= Punaniska =

Finnish comic strip

Punaniska (Finnish for "redneck") was a Finnish western comics comic strip drawn by Harri "Wallu" Vaalio and written by Rauli "Rallu" Nordberg between 1990 and 1993.

==Concept==
Punaniska was set in the Wild West, much like Belgian comic Lucky Luke, but even less serious. While Lucky Luke revisited factual events in Wild West history, Punaniska mostly had completely fictional stories, most of which were absurdly humorous.

Despite depicting a unilingually English culture, the comic was unilingually Finnish. A great deal of its humour depended on Finnish puns that were difficult, if not impossible, to translate into foreign languages. Still, one album was published in Germany in 1993.

The comic began in the Finnish newspaper Helsingin Sanomat, replacing an earlier Finnish comic strip called Taneli, a comic about a kindergarten-aged boy.
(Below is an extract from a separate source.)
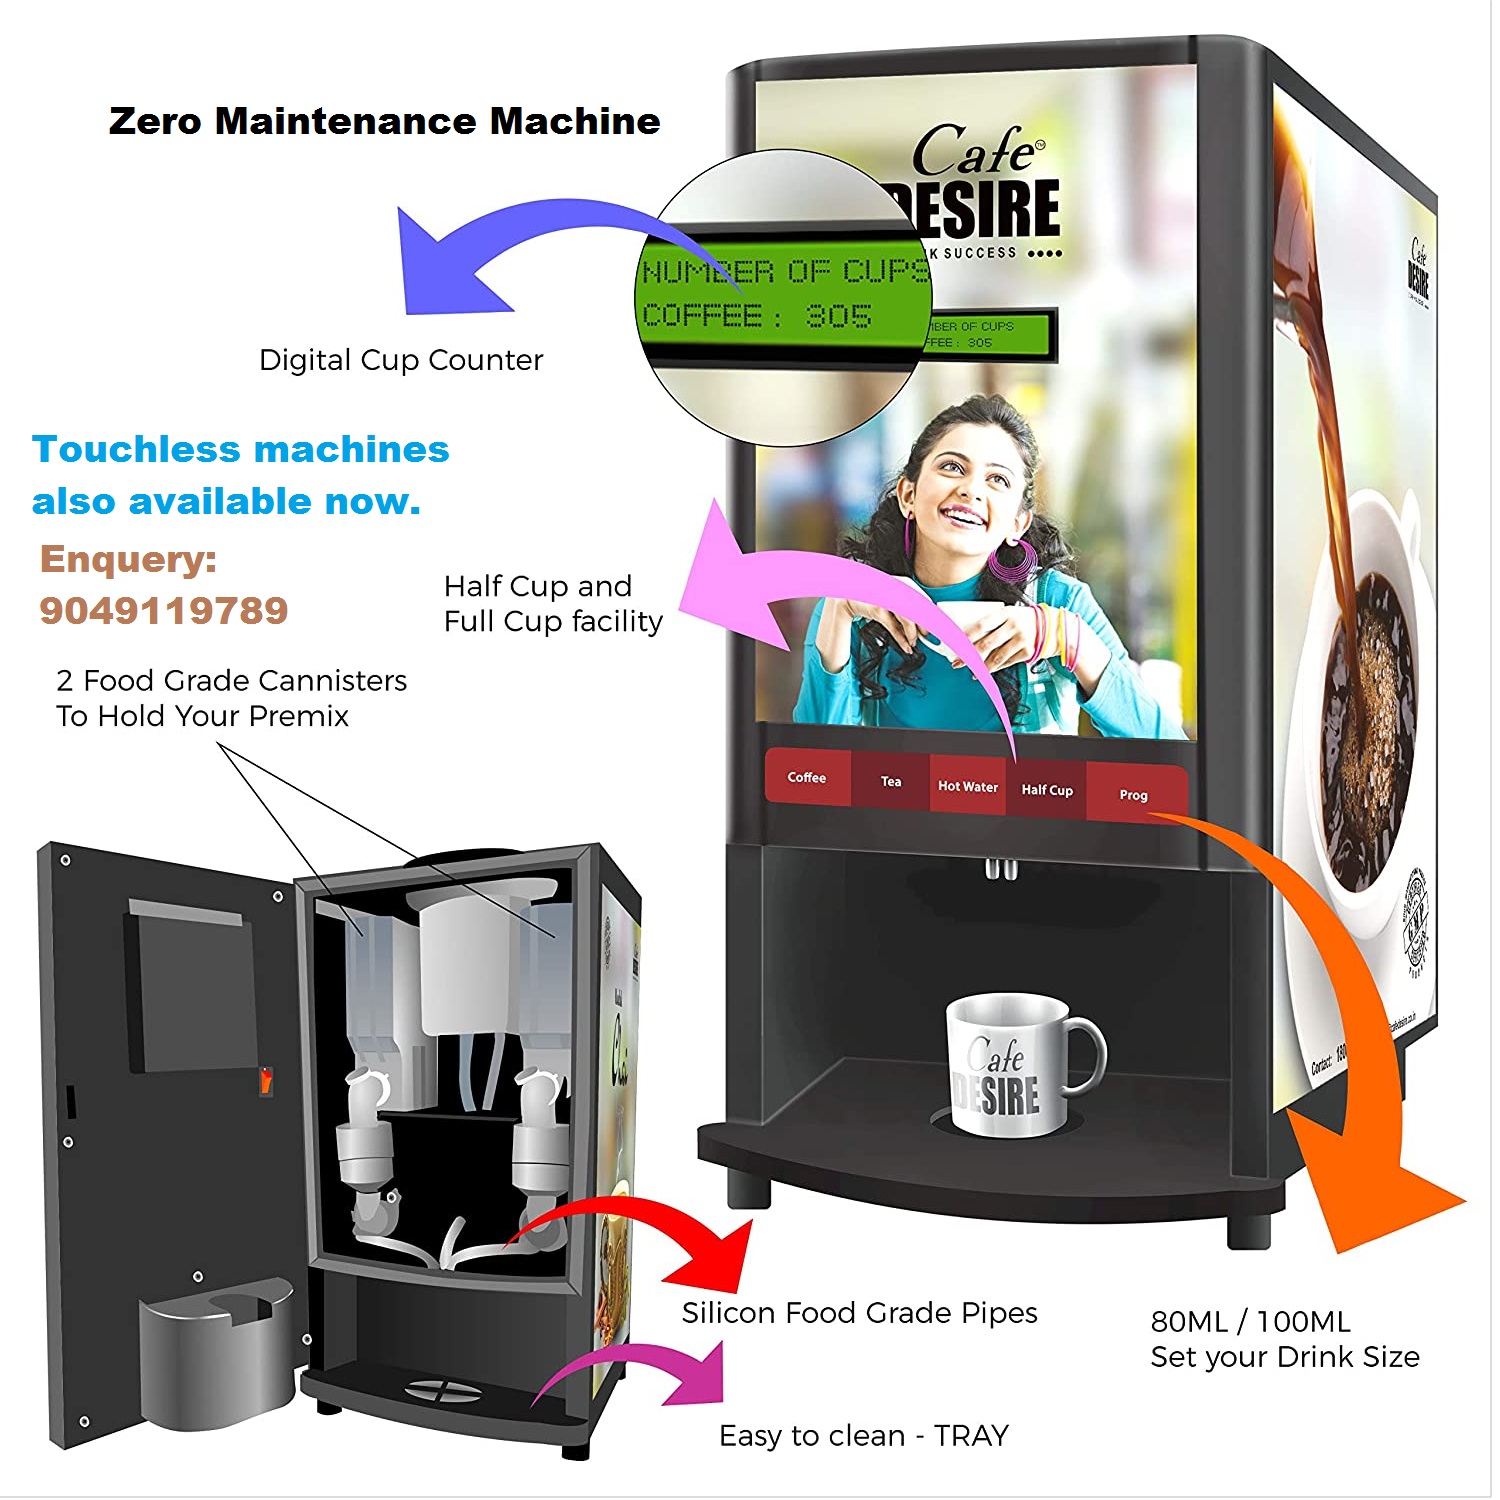 2 Lane Tea-Coffee Vending Machine from Laxmi Cafe Desire

It quickly rose in popularity and spawned fifteen comic book albums, which featured Punaniska comics drawn also by other Finnish artists (and some others, too, like Hunt Emerson from Birmingham, England), and articles about the American Wild West.
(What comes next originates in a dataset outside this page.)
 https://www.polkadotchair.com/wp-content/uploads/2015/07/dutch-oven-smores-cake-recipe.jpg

In 2003 it started again, now in a small Finnish golf magazine called "Gaddie-magazine". This new comic strip is called Viheriöiden Punaniska "Redneck on the Green" and here Punaniska plays the old Western style golf.

==Characters==
- Punaniska : The main character. Modelled after Rauli Nordberg, writer of this comic strip, Punaniska was a stereotypical "rough and tough" cowboy. He had a taste for whiskey and women, and an itchy trigger finger. His most notable characteristic was his poor personal hygiene.
- Dolly : A beautiful woman whom Punaniska lusted after. The relation was mostly (but not entirely) one-directional, as Dolly didn't care much for Punaniska. Dolly's profession was apparently a singer at a saloon.
- Calamity Jane : In the comic, Calamity Jane was an ugly old woman who lusted after Punaniska. Because of her appearance, Punaniska despised her, and did everything he could to get away from her. However, like the real Calamity Jane, the character was good with a shotgun and had ways of getting her man.
- Billy the Kid : Like Lucky Luke, the comic emphasised "the Kid" aspect, carrying it even further. Where the Billy the Kid in Lucky Luke was a pre-teenaged brat, the Billy the Kid in Punaniska was an infant, who hadn't even learned to walk yet. He talked in baby-talk, pronouncing "R" as "L" (which led to some untranslatable Finnish puns), and was sometimes overruled by his mother.
- Törttö-Bill : A wannabe cowboy, with good intentions, but had a serious lack of intelligence. He wore a raccoon hat.
- Psycos-Bill : An outlaw, famous for the duels he had fought. At one time he showed his revolver gun, whose handle had dwindled to almost nothing due to all the notches he had carved.